To reduce this, a methyl group was added to the linkage and a fluorine was added to the para position of the benzene. The resulting molecule was Aprepitant.

26
Q

How was Tetrabenazine modified to reduce metabolism?

A

Usually, O-dealkylation occurred at the two methoxy (OCH3) groups.
The Hs on the methyl were swapped for hydrogen deuteriums (hydrogen isotopes with 1 proton, 1 neutron and 1 electron, instead of just 1 proton and 1 electron).

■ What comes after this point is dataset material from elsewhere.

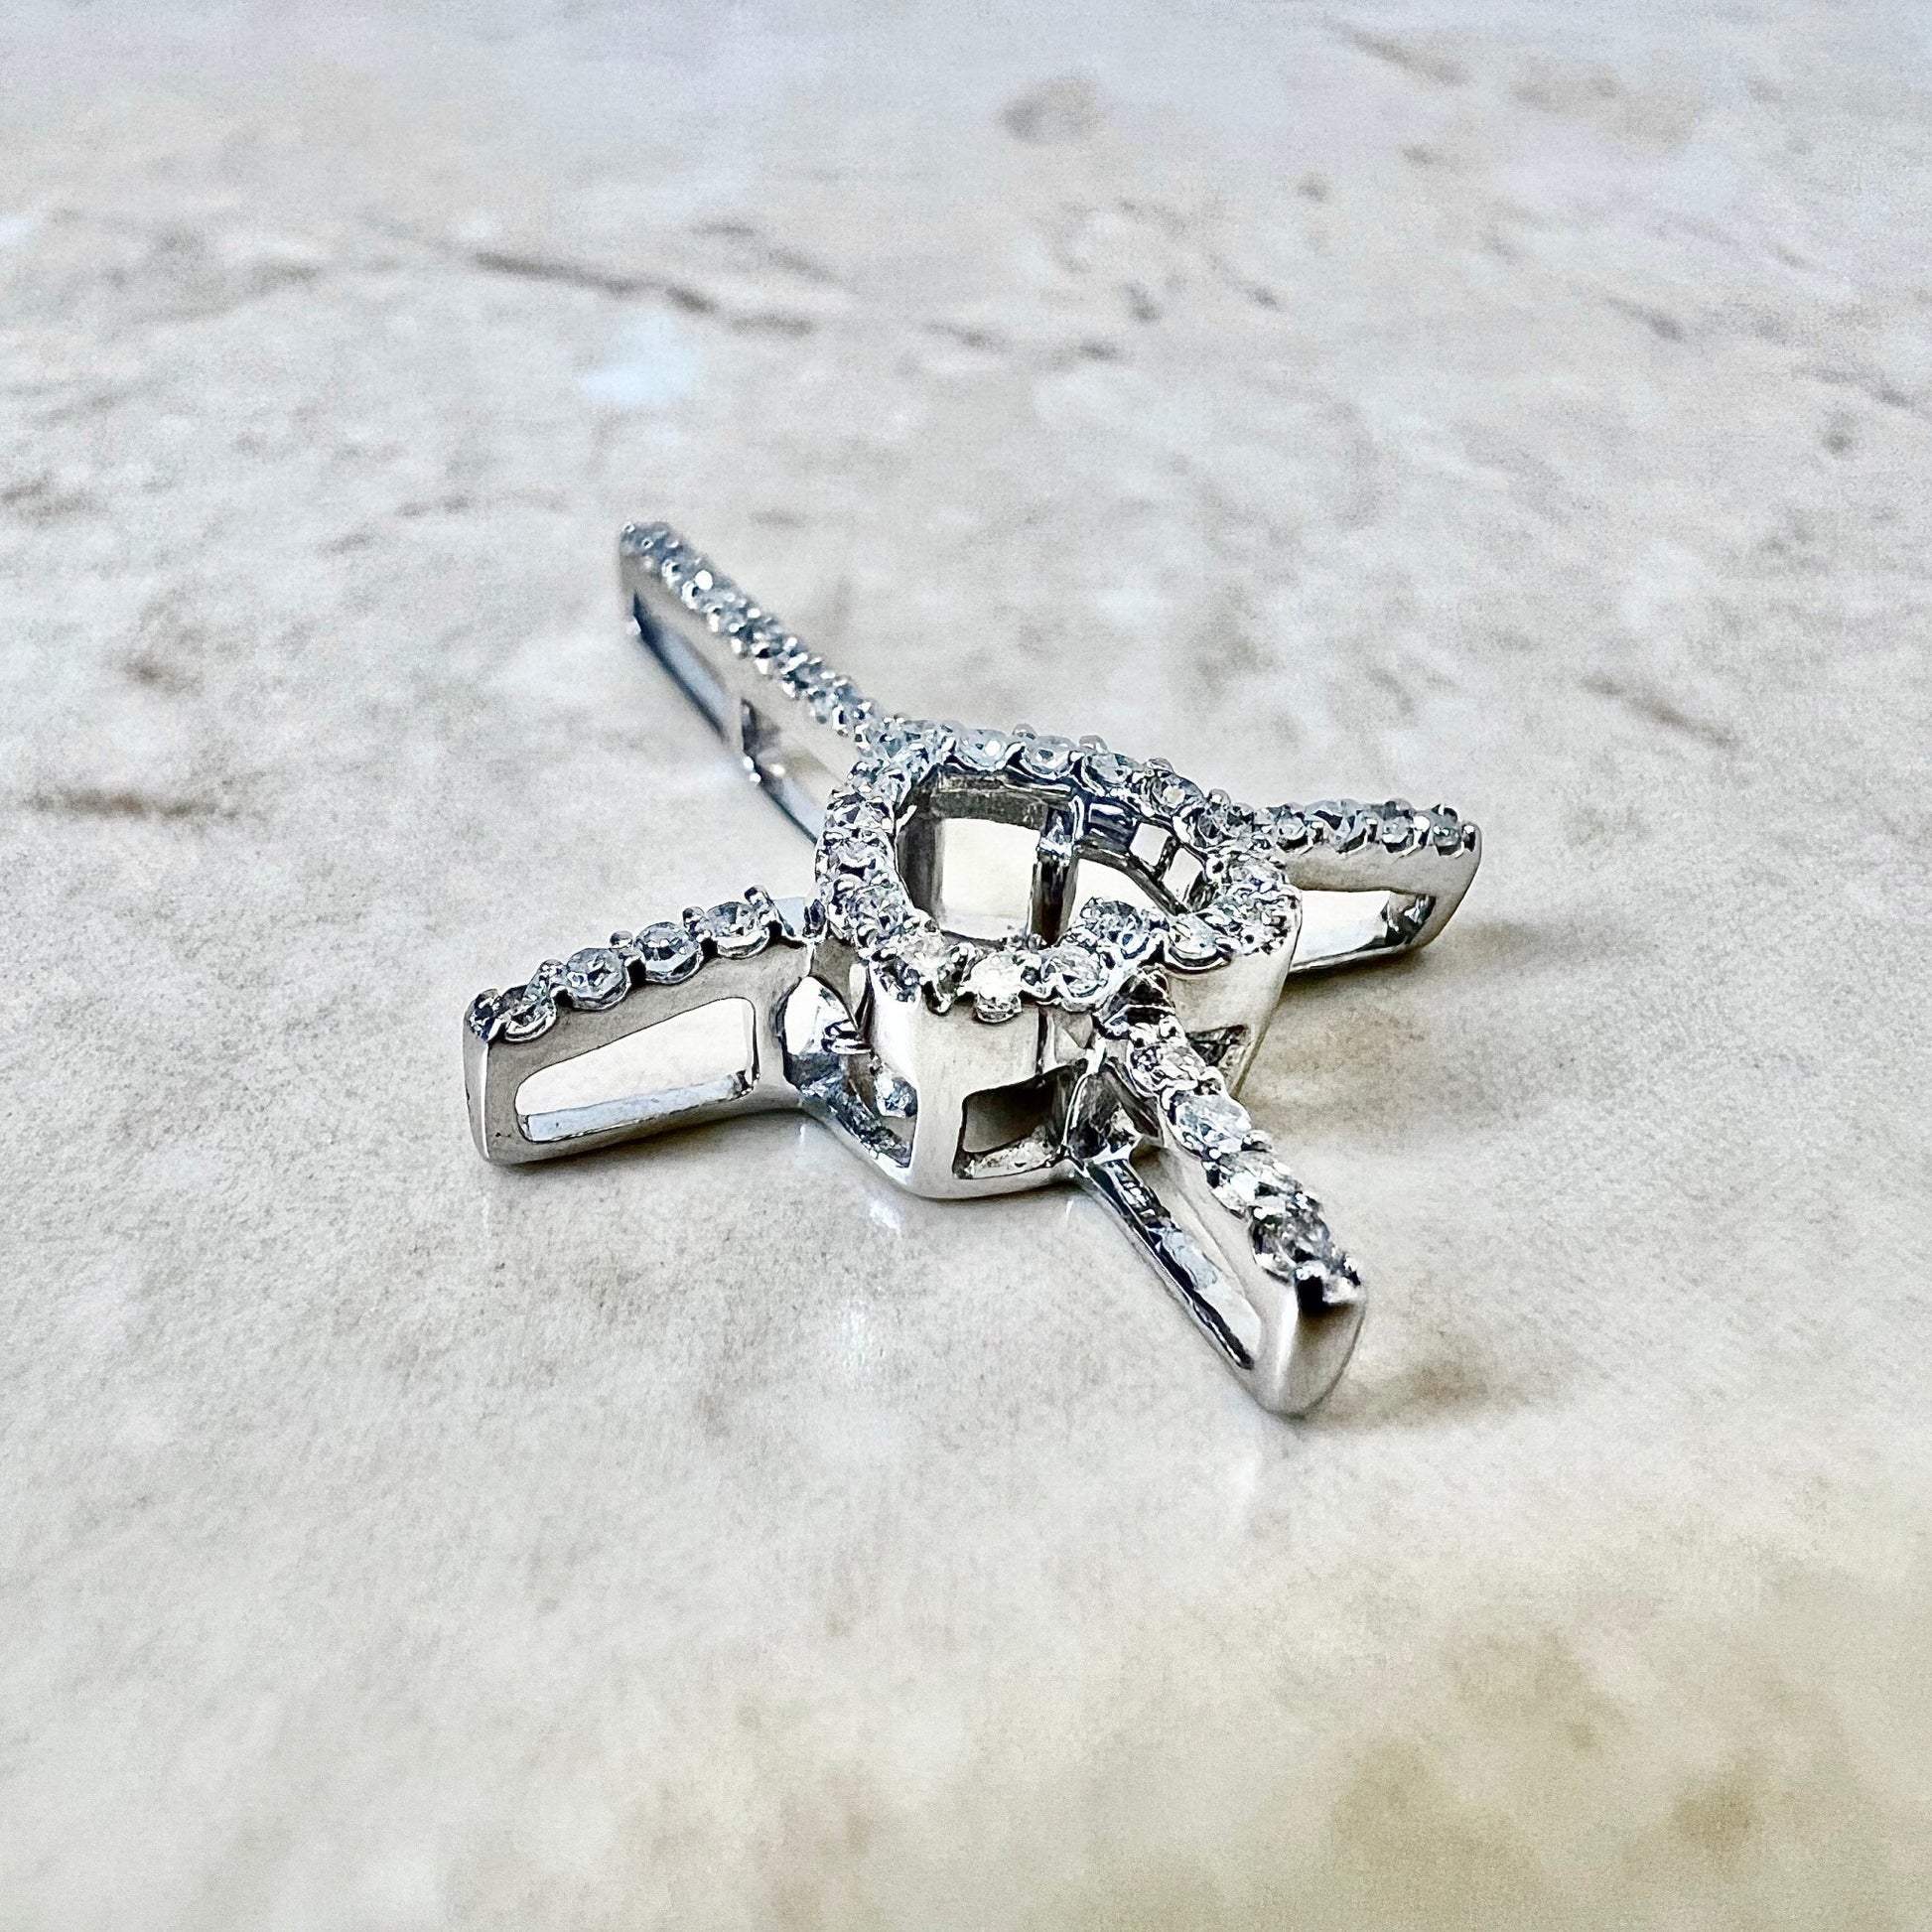 14K Diamond Cross Pendant Necklace - White Gold Diamond Pendant - Religious Jewelry - Christmas Gift For Her - Jewelry Sale

This new molecule, deutrabenazine, had reduced the O-dealkylation.

27
Q

What are bioisosteres?

A

Compounds or groups that possess near-equal molecular shapes and volumes, approximately the same distribution of electrons and which exhibit similar physical properties.

28
Q

What are bioisosteres used for?

A

To replace functional groups in order to change a molecule’s physicochemical properties but maintain activity.

29
Q

What is the difference between classical and nonclassical bioisosteres?

A

Classical bioisosteres are atoms, ions, and molecules which possess the same number of bonds and/or peripheral electron layers.

Non-classical bioisosteres do not necessarily possess the same number of atoms or the same number of valance electrons, yet still result in similar pharmacological activity.

30
Q

What are privileged structures?

A

Structural motifs that are capable of binding to a variety of pharmacological targets.

31
Q

Given an example of a privileged structure?

A

Benzodiazepine core structure also appears in that of Devazepide (an appetite suppressant) and has been found to bind to several GPCRs and ion channels.

32
Q

Why effects do fluorine have on drug properties?

A

Very strongly electronegative (influences pKa).

Hydrogen bond acceptor (can improve affinity as can make additional interactions with binding pocket without changing steric environment).

Exerts electronic effects on neighbouring acid/base moieties which tune and optimise their acidity/basicity.

Increased lipophilicity (improves permeability and brain penetratoin).

Improves metabolic stability (swapping H for F can prevent metabolism).

Deactivation of oxidative metabolism of aromatic rings (due to electron-withdrawing nature).

Can easily be convert a molecule into an imaging agent for PET if fluorine is replaced by the radioactive isotope fluorine 18.

33
Q

What are Veber’s rules for oral bioavailability?

A

A compound should have no more than 10 rotatable bonds.

The hydrogen-bond count (donors + acceptors) should be no more than 12, or polar surface area (PSA) should be no more than 140A.